Zhang Hongmei, Huang Xianzheng, Han Shengtong, Rezwan Faisal I, Karmaus Wilfried, Arshad Hasan, Holloway John W
Division of Epidemiology, Biostatistics, and Environmental Health, School of Public Health, University of Memphis, Memphis, TN, USA.
Department of Statistics, University of South Carolina, Columbia, SC, USA.
Comput Stat Data Anal. 2021 May;157. doi: 10.1016/j.csda.2020.107156. Epub 2020 Dec 26.
A Bayesian approach is proposed that unifies Gaussian Bayesian network constructions and comparisons between two networks (identical or differential) for data with graph ordering unknown.

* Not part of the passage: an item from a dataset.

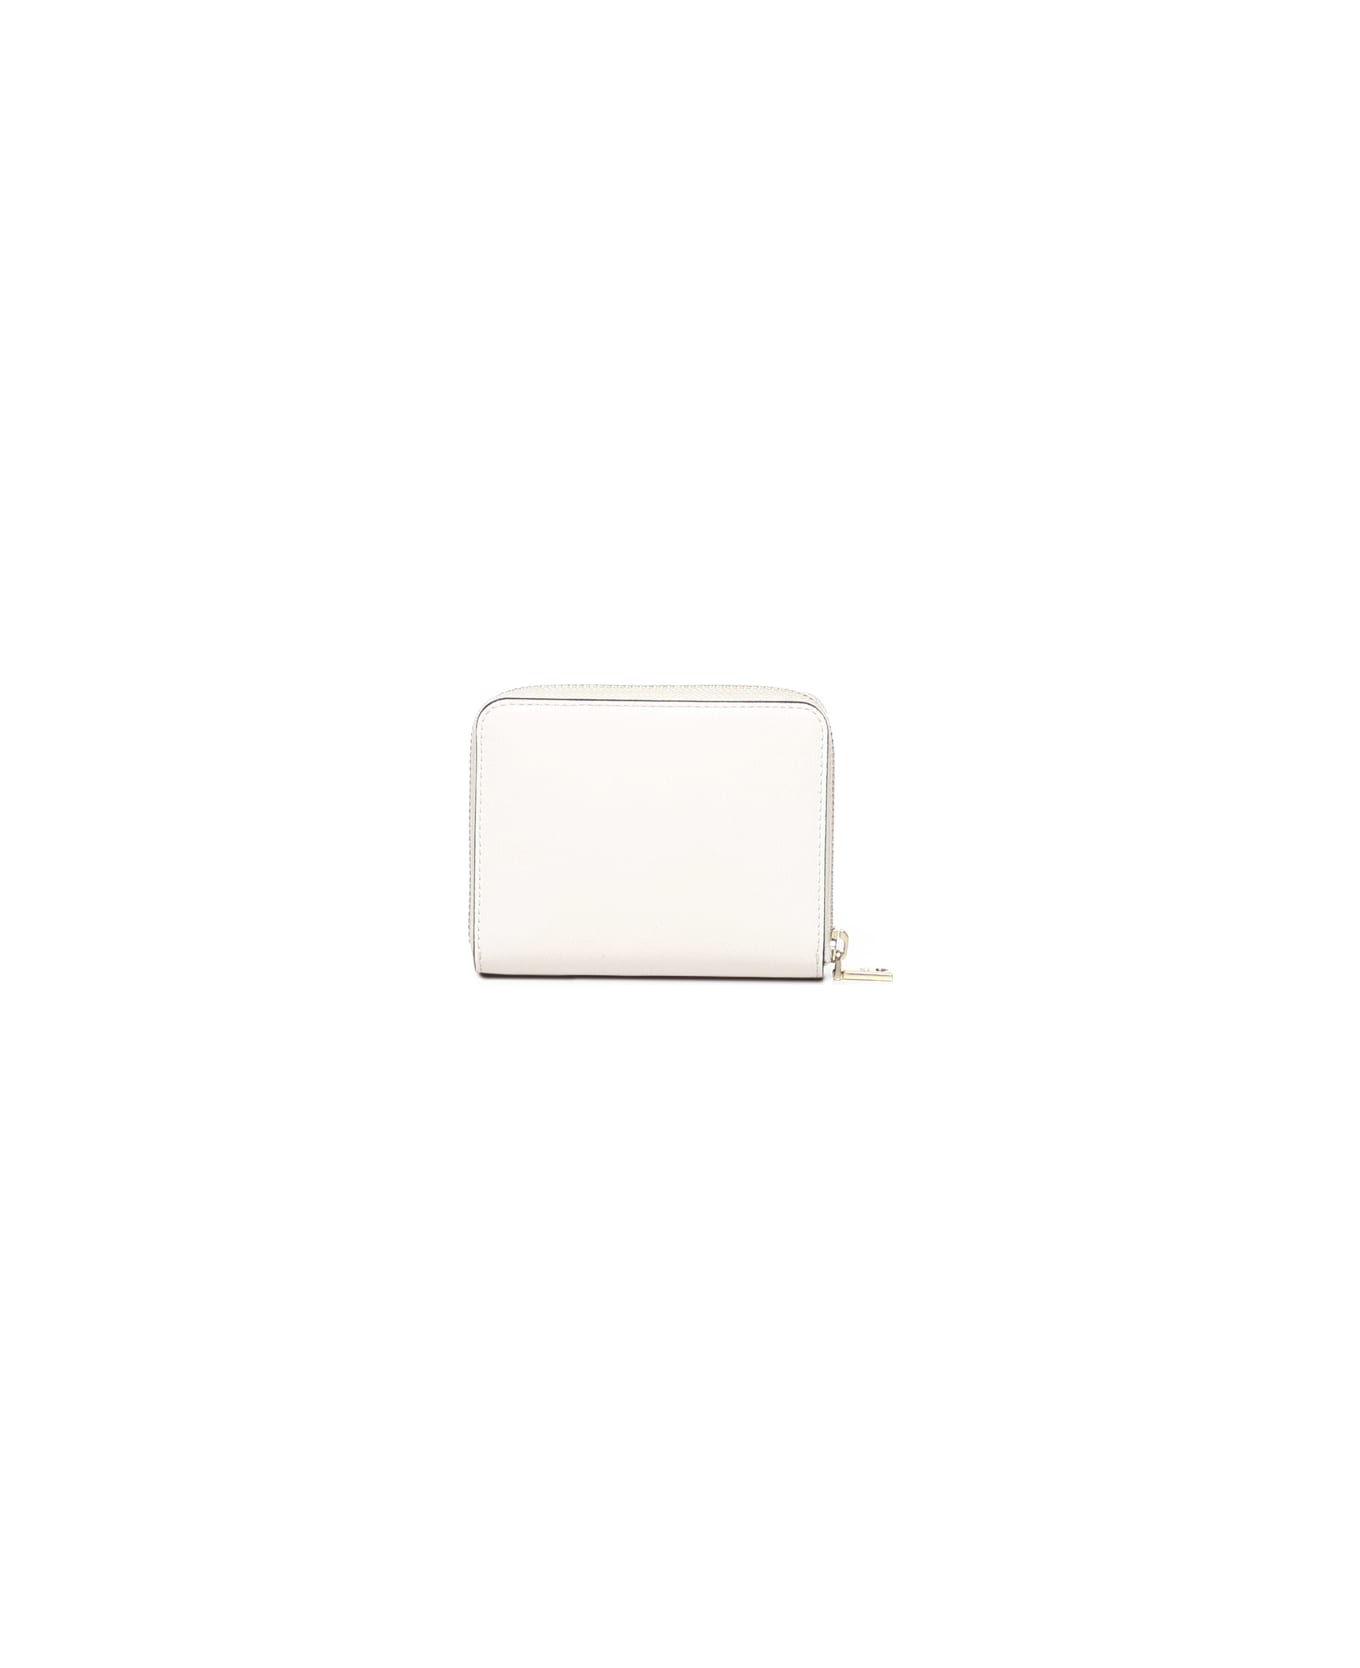 Love Moschino Bi-fold Wallet With Logo - Ivory 財布
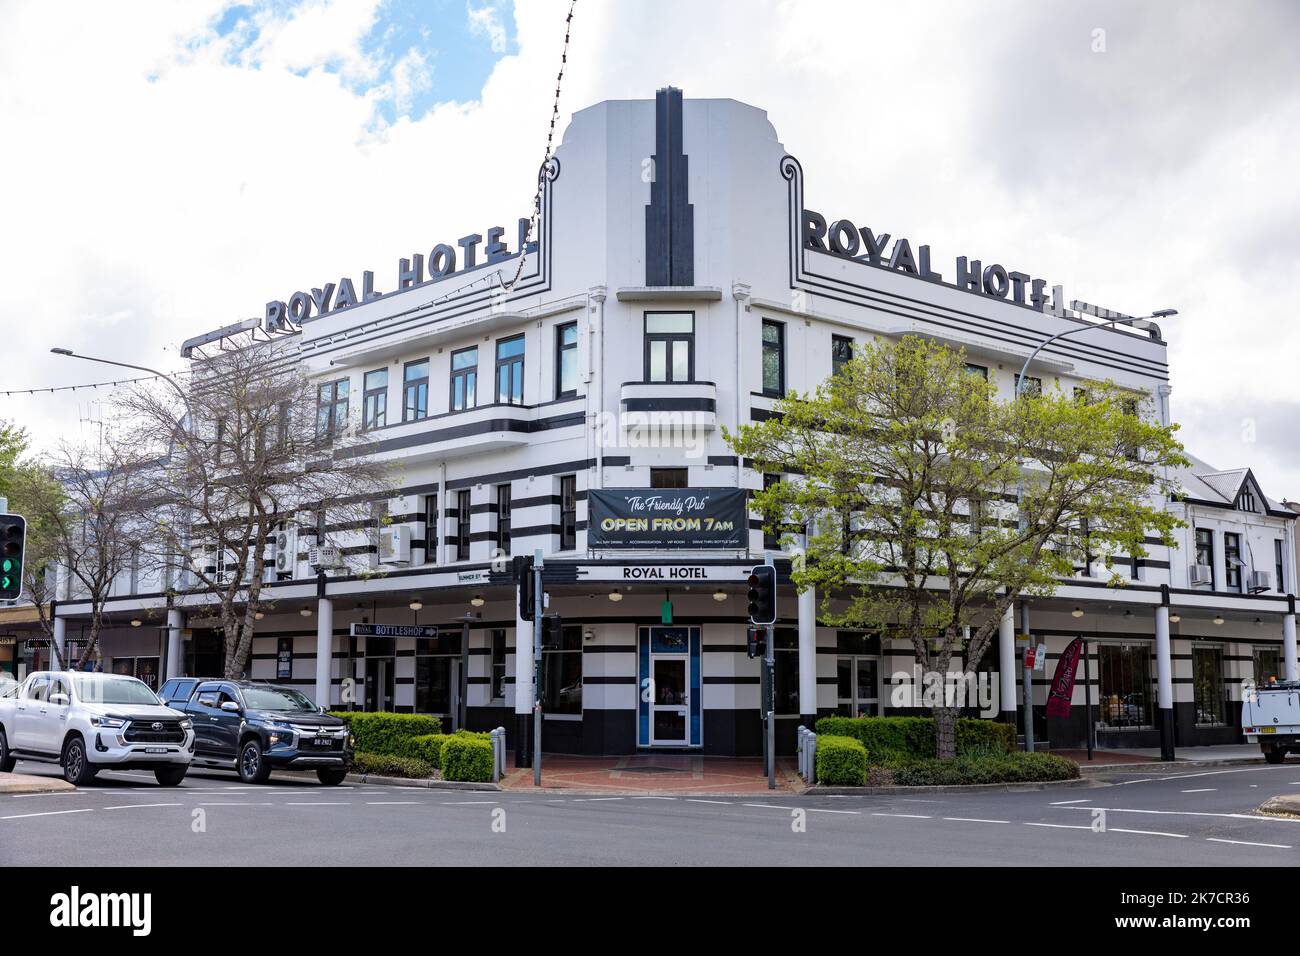 Royal Hotel Orange in regional NSW, offers accommodation and bars,Australia Stock Photo

When sampling graph ordering, to escape from local maximums, an adjusted single queue equi-energy algorithm is applied. The conditional posterior probability mass function for network differentiation is derived and its asymptotic proposition is theoretically assessed. Simulations are used to demonstrate the approach and compare with existing methods. Based on epigenetic data at a set of DNA methylation sites (CpG sites), the proposed approach is further examined on its ability to detect network differentiations. Findings from theoretical assessment, simulations, and real data applications support the efficacy and efficiency of the proposed method for network comparisons.
提出了一种贝叶斯方法,该方法统一了高斯贝叶斯网络的构建以及对两个网络(相同或不同)进行比较,用于图顺序未知的数据。在对图顺序进行采样时,为了避免陷入局部最大值,应用了一种调整后的单队列等能量算法。推导了网络差异的条件后验概率质量函数,并从理论上评估了其渐近命题。通过模拟来演示该方法并与现有方法进行比较。基于一组DNA甲基化位点(CpG位点)的表观遗传数据,进一步检验了所提出方法检测网络差异的能力。理论评估、模拟和实际数据应用的结果支持了所提出方法在网络比较中的有效性和效率。